A year and a half after the overthrow of Hosni Mubarak, himself near death if not functionally so already, Egypt finally has a new head of state.

Mohamed Morsi is the new president of Egypt, according to results announced Sunday. Election commission head Farouq Sultan said Morsi won 13.2 million votes out of just over 26 million, giving him about 51.7 per cent of the vote, Al Jazeera reported. His competitor, Ahmed Shafiq, the final prime minister under Hosni Mubarak, received 12.3 million. More than 800,000 ballots were invalidated.

Sultan kept the world waiting for the results, delivering a long speech first defending the commission's independence and integrity amid what he called meddling by unnamed political factions.

Thousands of Muslim Brotherhood supporters burst into cheers on Cairo's Tahrir Square, waving national flags and chanting Allahu Akbar! or God is Great, greeting a dramatic victory. 

This is a testament to the resolve of the Egyptian people to make their voice heard, a Morsi spokesman said.

Shafiq, a former air force commander and Mubarak's last prime minister, offered no immediate reaction. 

The Muslim Brotherhood's Freedom and Justice Party, on Facebook, called the election result a tribute to the martyrs of our revolution. It vowed, We will keep walking on the path.

On Twitter, the Muslim Brotherhood said the battle for democracy and justice hasn't ended, and we will remain in Tahrir.

But hours after his victory was announced, Morsi resigned from the Brotherhood and the Freedom and Justice Party, in an apparent effort to send the message that he will represent all Egyptians, CNN reported.

Despite doubts about how much real power the military would let the presidnet exercise, the vote was a moment in history, Abdul Mawgoud Dardery, a fellow member of the Muslim Brotherhood's Freedom and Justice Party, told CNN.

We've been waiting for it for 7,000 years, he said. For the first time in history we have our own president, elected by us. The power of the people is now in the hands of the president -- and the president has to go and move forward.

Thousands of Muslim Brotherhood supporters gathered in Tahrir Square in Cairo over the past week to show solidarity with Morsi. They had been joined by conservative Salafist Islamist groups and revolutionary youth movements.

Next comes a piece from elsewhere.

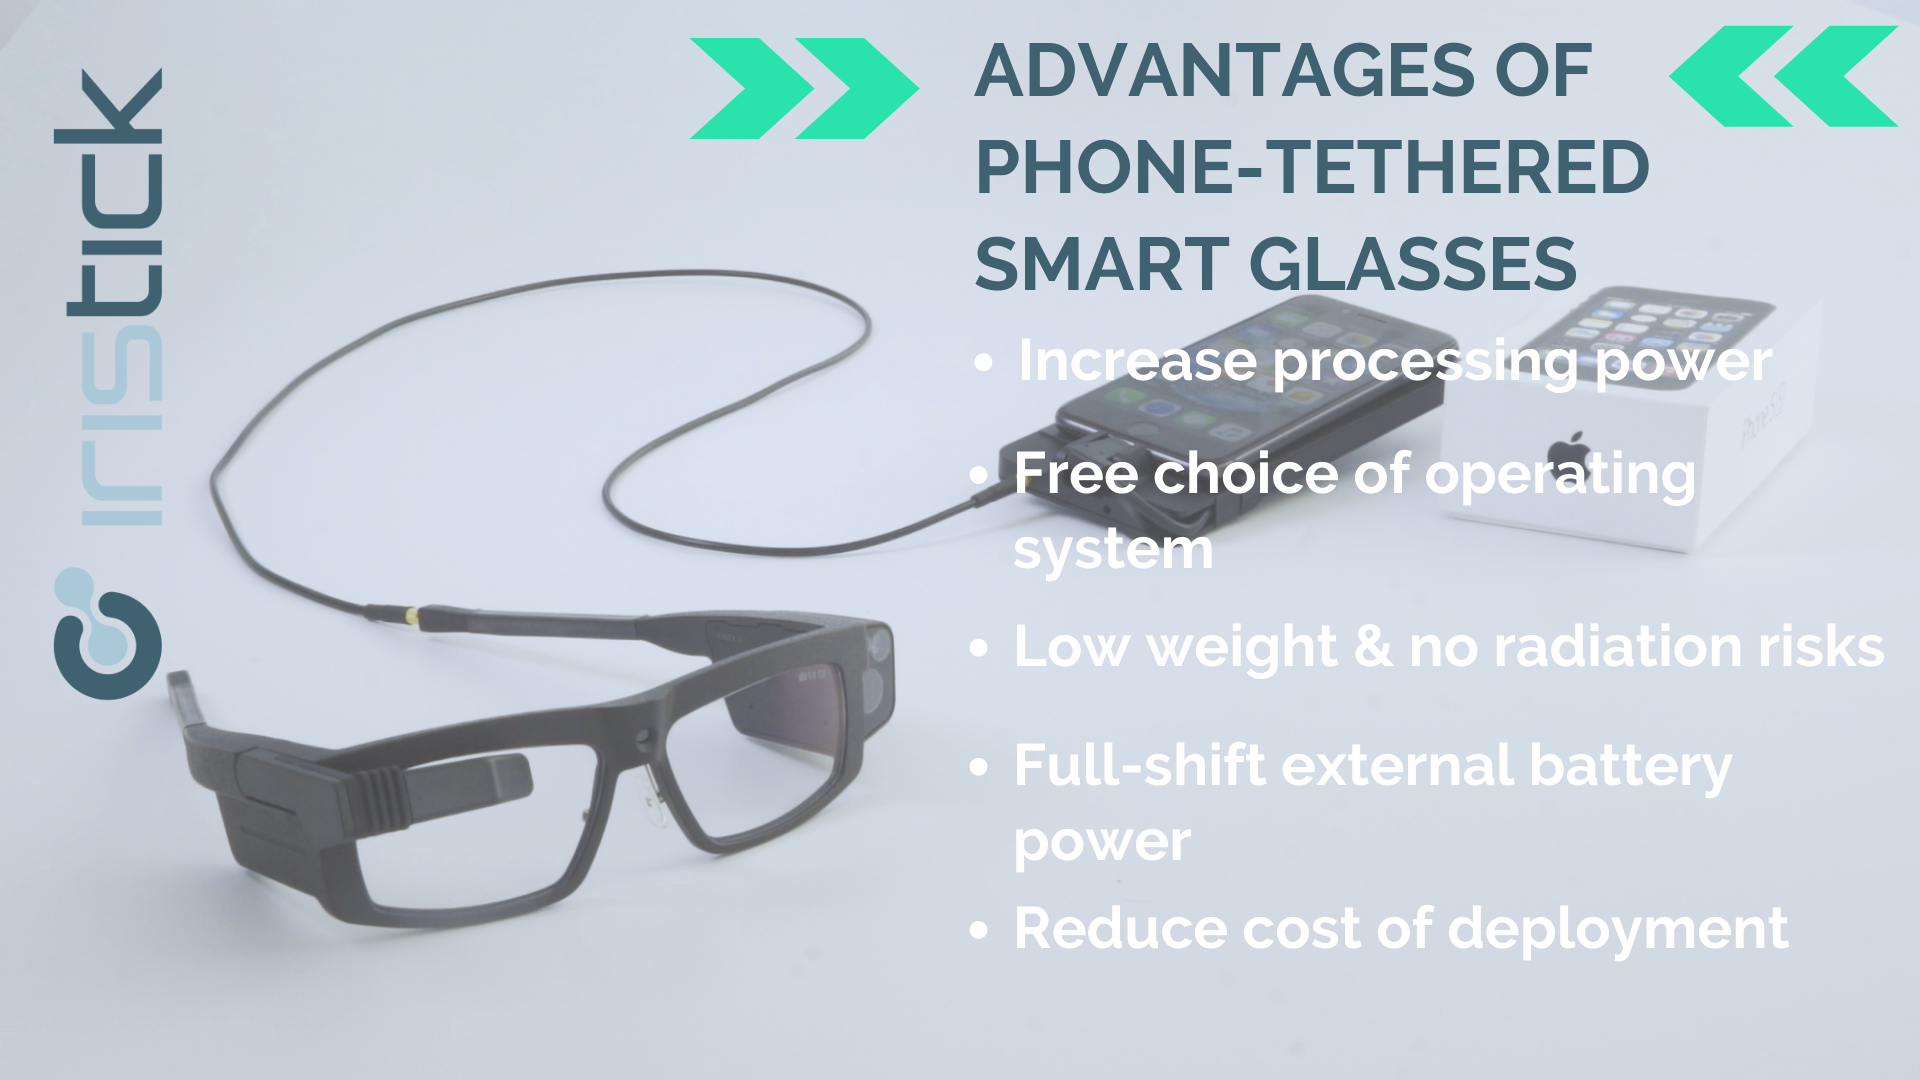 Advantages of phone-tethered smart glasses

Police and armored vehicles were deployed in fears that an outbreak of violence might spread from the square out of displeasure with the announced results, whichever way they went.

The presidential election runoff, which occurred on June 16-17, was a close contest between Morsi, a U.S.-trained engineer and former political prisoner under the Mubarak regime, and Ahmed Shafiq, the former air marshal who was Mubarak's last prime minister as his rule collapsed. He served from late January 2011 until March 2011, backed by the armed forces.

Immediately after the Muslim Brotherhood declared Morsi's victory on June 18, the Supreme Council of the Armed Forces, which has held interim ruling authority over the country since February 2011, delayed the official announcement of the results.

Wild rumors followed, along with suspicions that backroom deals were taking place on concessions and compromises to be made for determining the next leader. The military is supposed to officially relinquish power by June 30. However, it has already made unilateral changes in the constitution to cripple the office of president.

The Egyptian president is no longer the official commander of the armed forces and the military has control over its internal operations and budget. The lower house of the Egyptian Parliament, in which the Brotherhood previously held a majority, was dissolved by the SCAF on June 15. The recent political changes are seen as leaving any president of the country a symbolic figurehead rather than a real holder of power.

Regardless, the highly symbolic Morsi victory is recognition for the greater political influence the Brotherhood now wields over the country. 

An anonymous Egyptian security official told the AP that the minister of the interior, Gen. Mohammed Ibrahim, had told the police on Saturday to confront with firmness, force and decisiveness any attempt to violate peace in Cairo.